Brandon, partners are earning big on Uber, with more riders taking trips than ever before. Starting Monday, February 23rd, we're increasing rider fares in Spokane to help you take home even more from every trip.

We're also *increasing your existing peak time hourly guarantees and removing off-peak guarantees*, so you can make more when there's high demand.
Finally, *we are offering randomly-selected $100 and $200 bonuses *to drivers who meet the below conditions. Winners will be announced and paid out on Mondays for Thursday deposit.


*2 partners will be randomly selected this week to receive $200 bonus daytime driving incentives.* To be eligible for the random weekly drawing, you must log 25 total hours online, accept 90% of trips, and average 1 trip per hour, all during the hours of 8am to 5pm fromMonday, February 23rd through Sunday, March 1st. 
*1 partner will be randomly selected this week to receive a $100 bonus overnight driving incentive.* To be eligible for the random weekly drawing, you must log 20 total hours online, accept 90% of trips, and average 1 trip per hour, all during the hours of midnight to 8am fromMonday, February 23rd through Friday, February 27th.

*If you have questions, *please join us for our February partner meeting Tuesday, February 24th at 6pm at the Spokane Club.RSVP here to attend*.*








YOUR HIGHER PEAK GUARANTEE
$18/hr in fares
*Thursday (Zags basketball), Friday & Saturday*

*5pm-2am*

[Accept 90% of trips and average 1.5 trips per hour]

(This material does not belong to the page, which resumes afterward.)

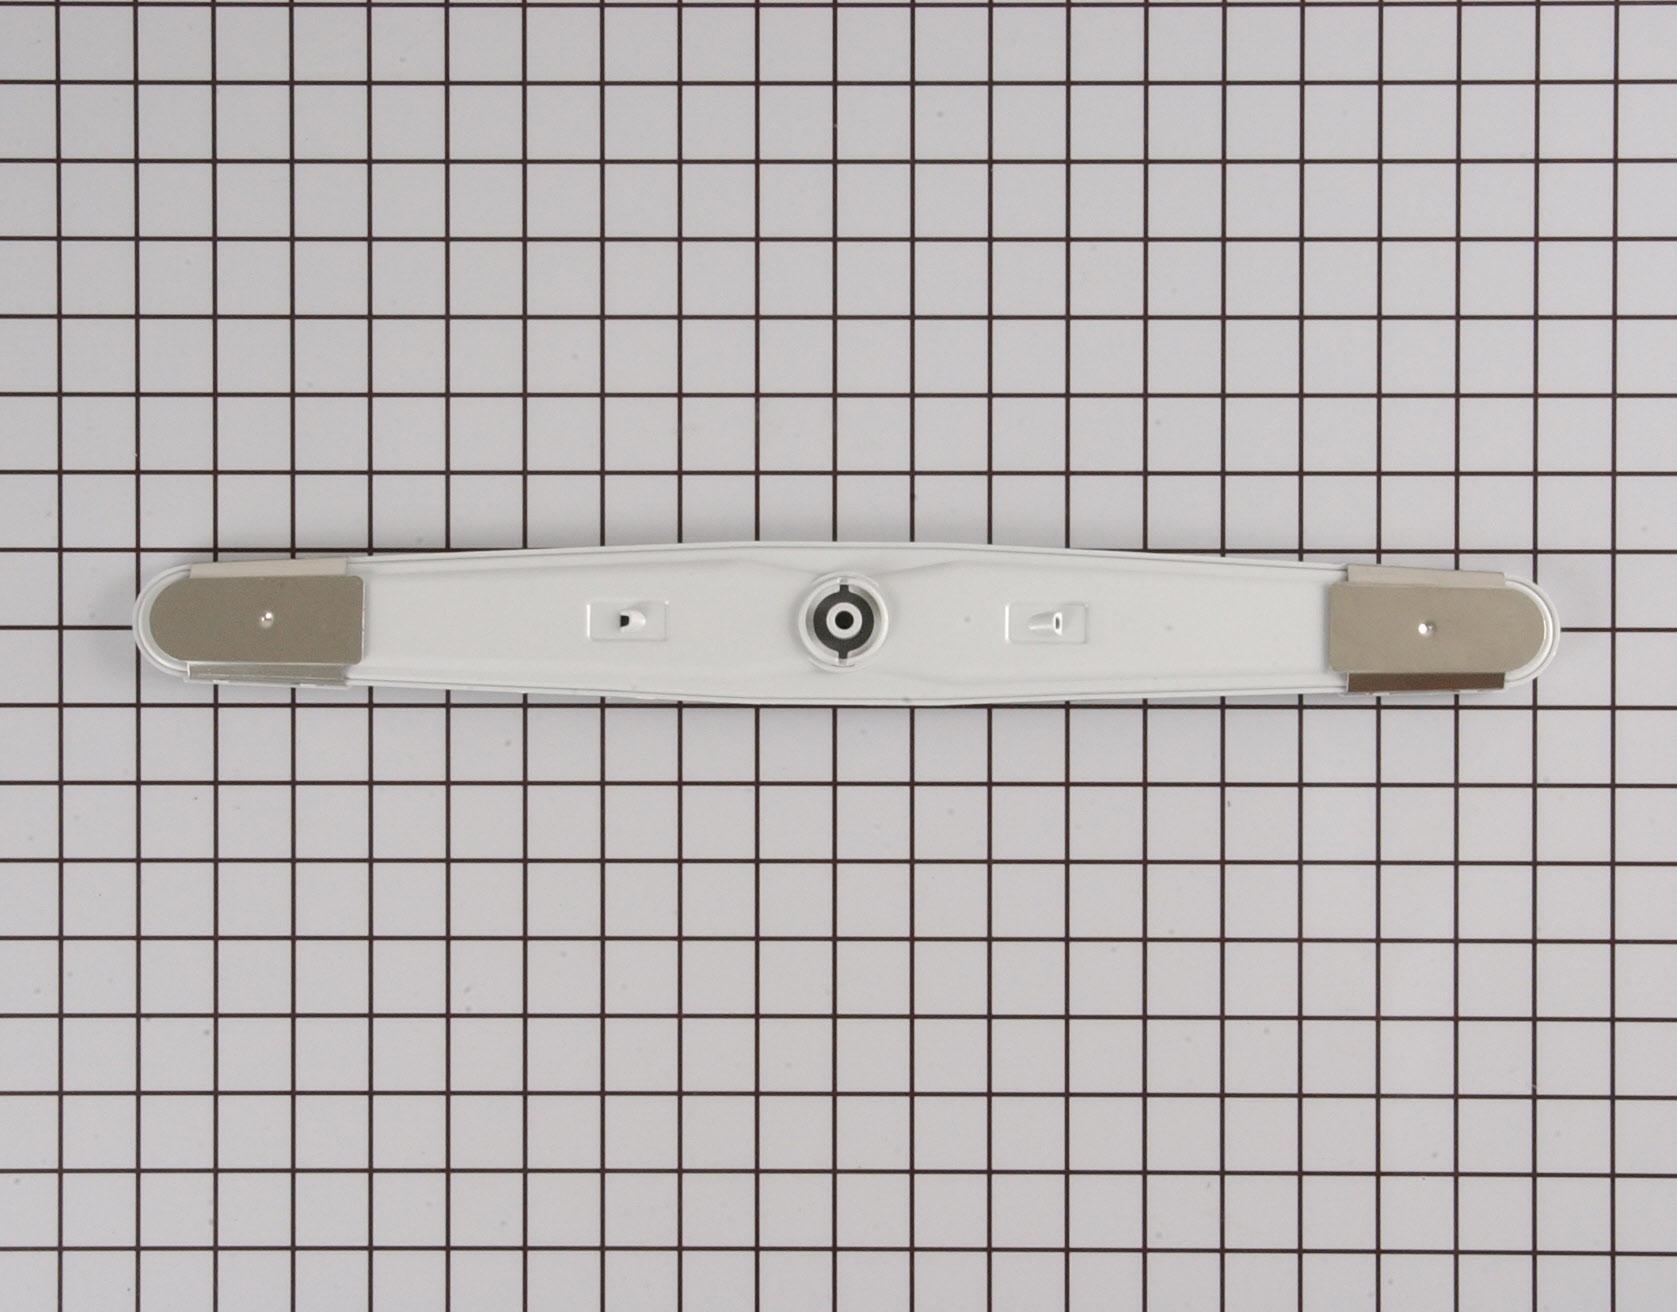 WP6-917642 Crosley Dishwasher Part -Lower Wash Arm Assembly

These updates should positively impact your earnings, and as always, we'll keep you posted if anything changes.

Thanks,
The Uber Team


----------



## uberguy_in_ct (Dec 29, 2014)

At $0.70/mile how many people were actually driving at these rates. The guarantee seems pretty low and I've never seen 1.5 trips per hour as a requirement only 1 trip per hour. Low guarantees, higher trip requirements and $.70/mile you guys are really getting the shaft.


----------



## PNW Taxi (Jan 19, 2015)

During the week, it was like a barren graveyard. Not an Uber in sight. Weekends, people were driving for the $16/hr. This changes the game completely and makes them more in line with Lyft (minus the tipping of course). The small cab companies in this town are getting destroyed Friday and Saturday night!


----------